REQUIREMENT
Would you return exactly the lines below from the line with "Indian Polity notes" through the line with "Melissa Lilac Ballerinas", both included, and nothing else, leaving out the pictures?

DATA FOR THE TASK
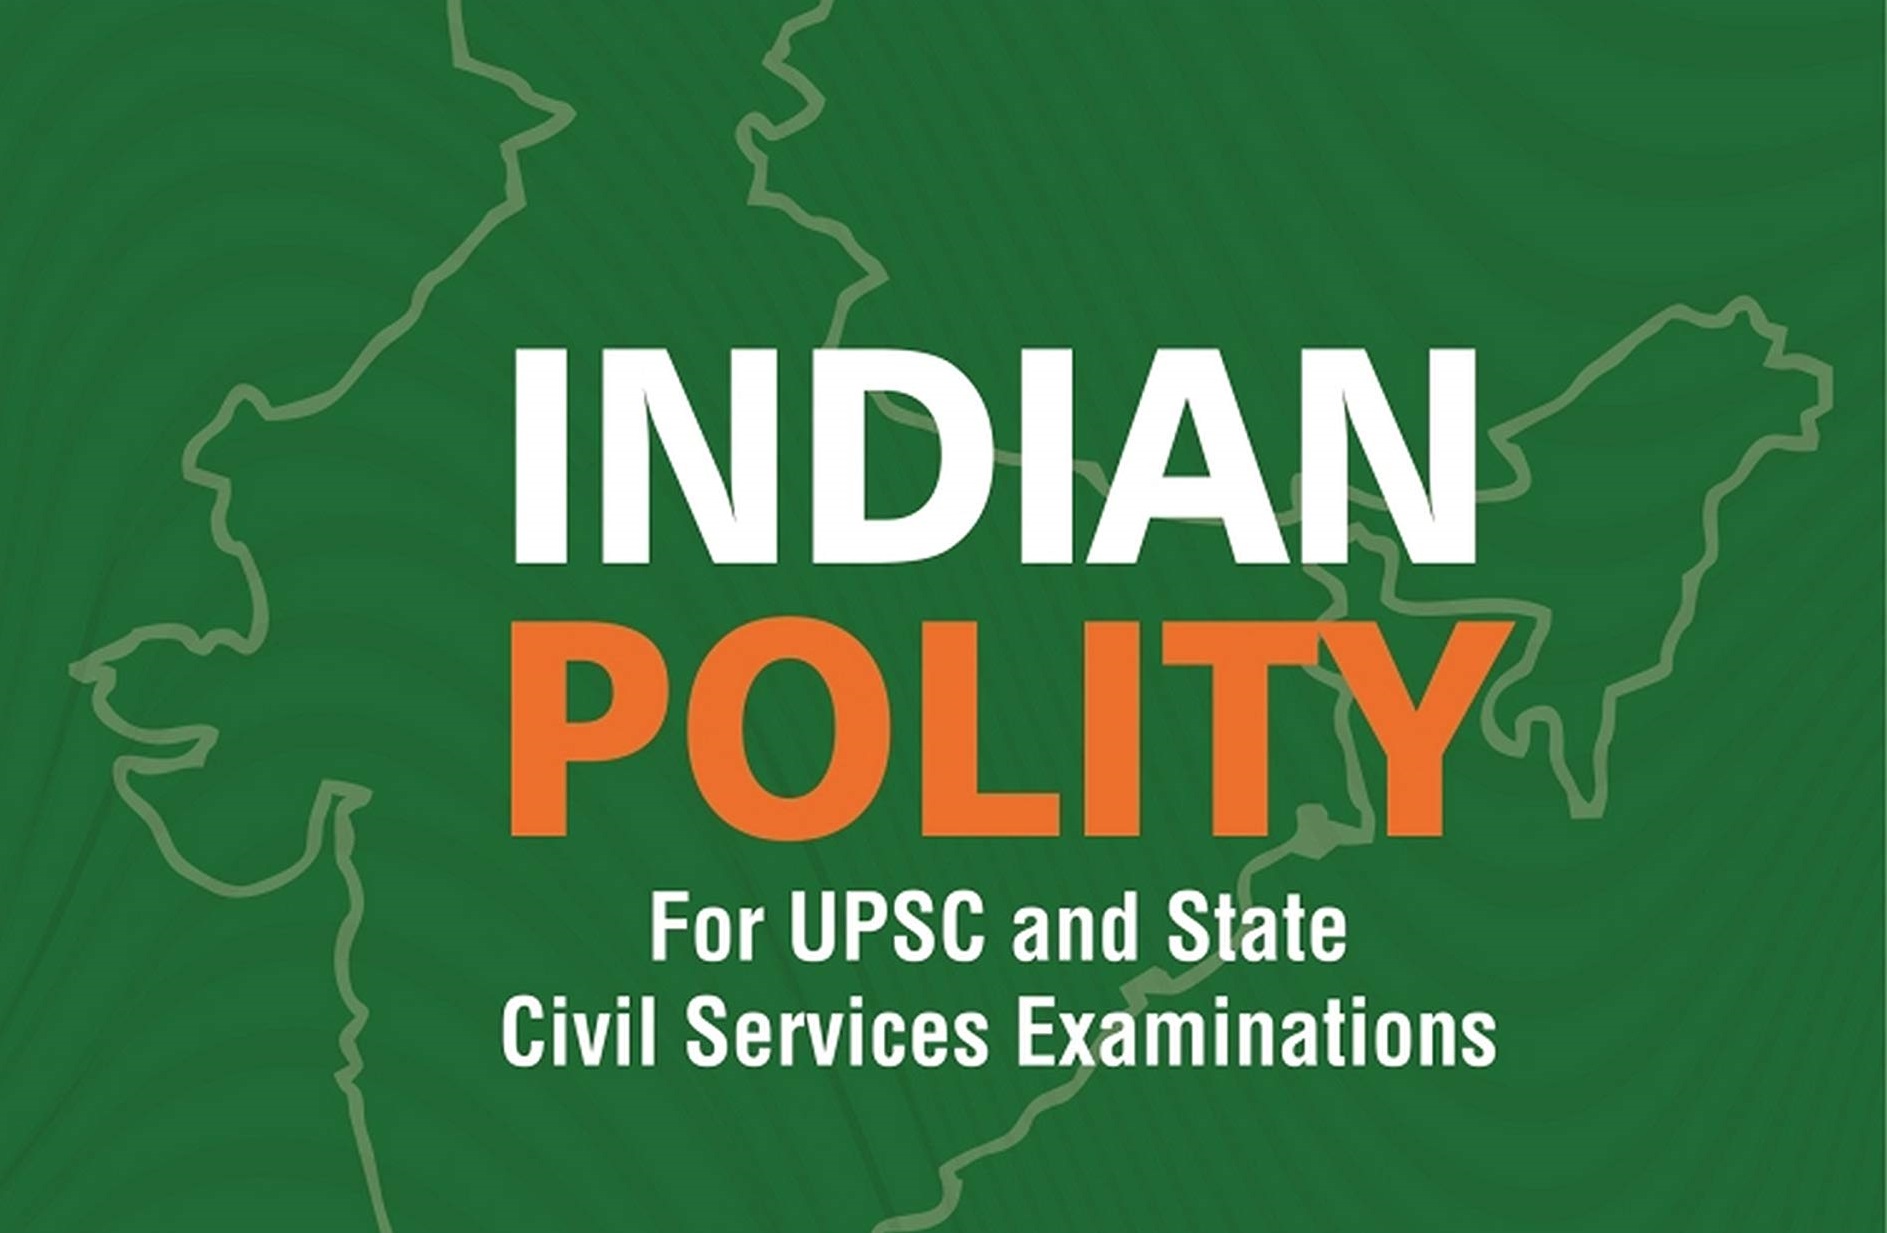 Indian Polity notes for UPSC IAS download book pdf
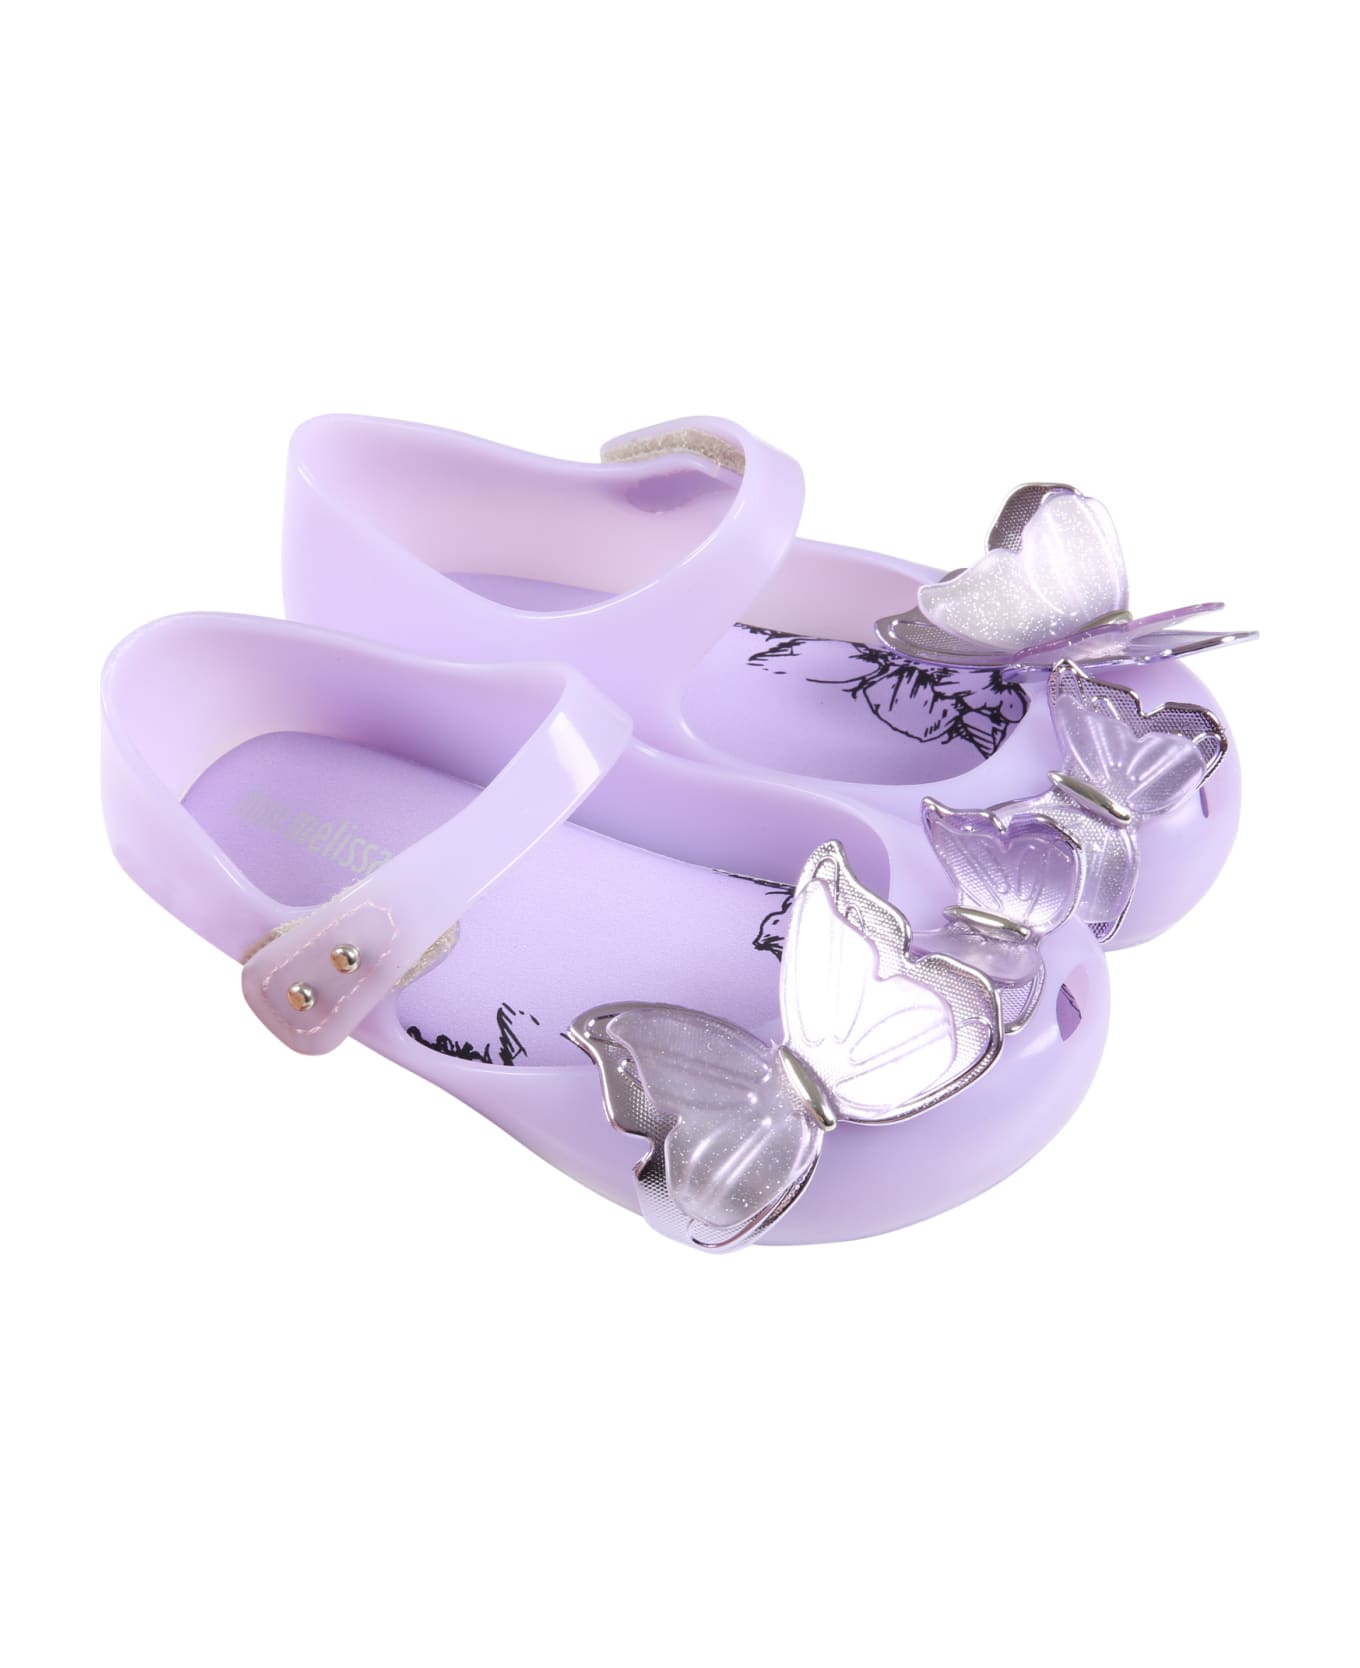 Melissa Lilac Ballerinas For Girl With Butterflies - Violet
...
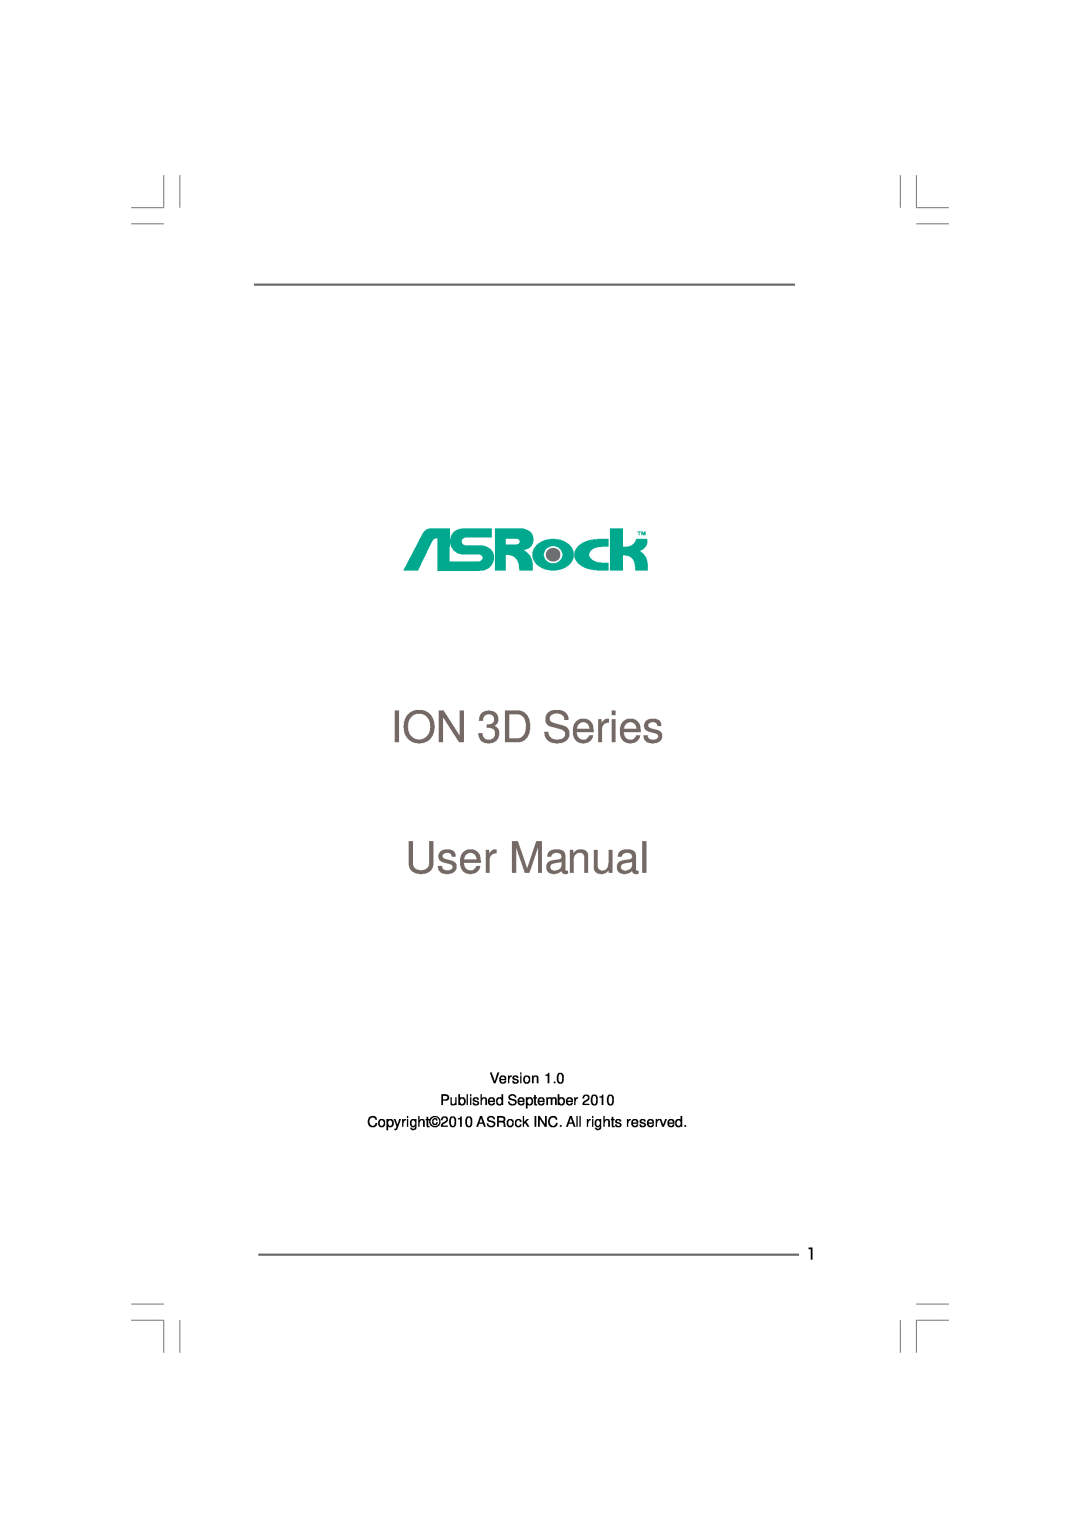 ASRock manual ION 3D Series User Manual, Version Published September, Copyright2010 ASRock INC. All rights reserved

RESPONSE TO THE TASK
 Indian Polity notes for UPSC IAS download book pdf
 Melissa Lilac Ballerinas For Girl With Butterflies - Violet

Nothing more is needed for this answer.